HOUSTON -- The most legendary flame-thrower from Alvin, Texas -- or perhaps anywhere -- was sitting in the front row of the stands behind home plate, a direct line from the pitcher's mound.
But the man on the mound for the Red Sox was the most impactful Alvin native during Tuesday's Game 3 of the American League Championship Series. With Hall of Famer Nolan Ryan looking on, Nathan Eovaldi pumped in fastballs between 95.5 and 101 mph as the Sox recorded an 8-2 victory over the Astros to take a 2-1 lead in this best-of-seven series.
Eovaldi was so focused on catcher Christian Vazquez's mitt that he never did catch a glimpse of MLB's all-time strikeout leader.
"No, I assume he's there, but I'm not looking for him, I'm just trying to stay focused and locked in on the target and focusing on that strike one," said Eovaldi. "I had a lot of friends and family here tonight at the game.
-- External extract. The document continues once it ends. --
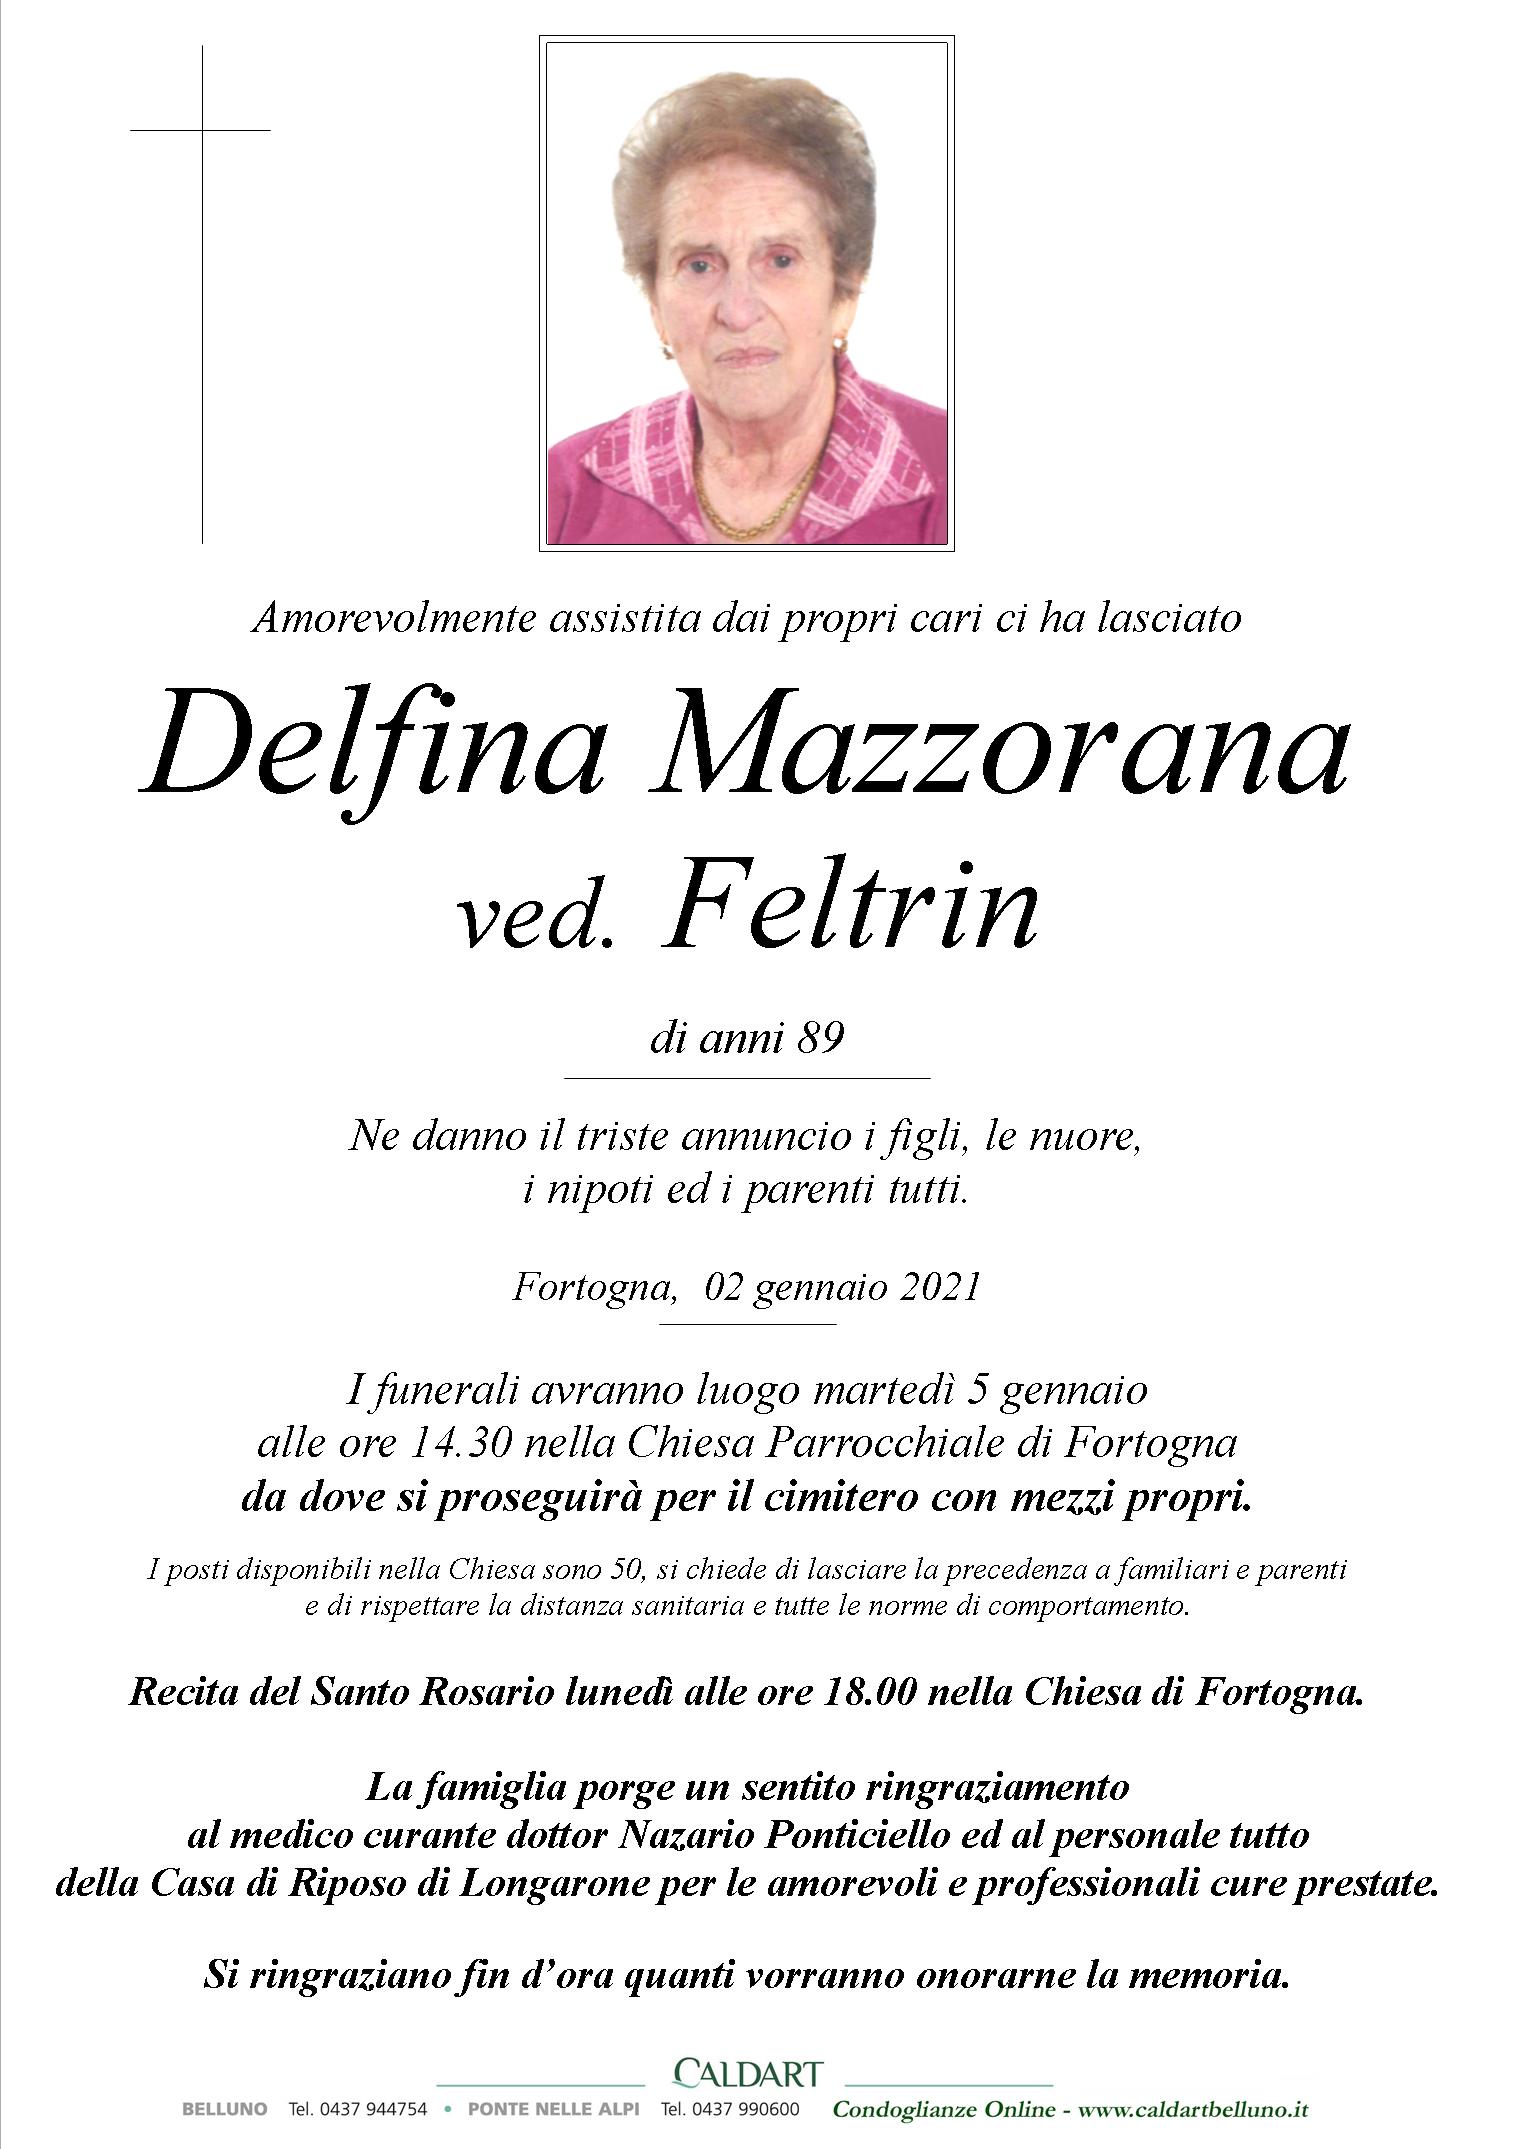 Mazzorana Delfina

It was definitely a special game for me."
The hit that put the game away and solidified the win for Eovaldi was a grand slam to right by Jackie Bradley Jr. with two outs in the top of the eighth against Astros closer Roberto Osuna.
"It's huge. We're playing a really good team in Houston. Runs are at a premium," Bradley said. "We never feel like enough runs is going to be enough. So it was very, very special for us."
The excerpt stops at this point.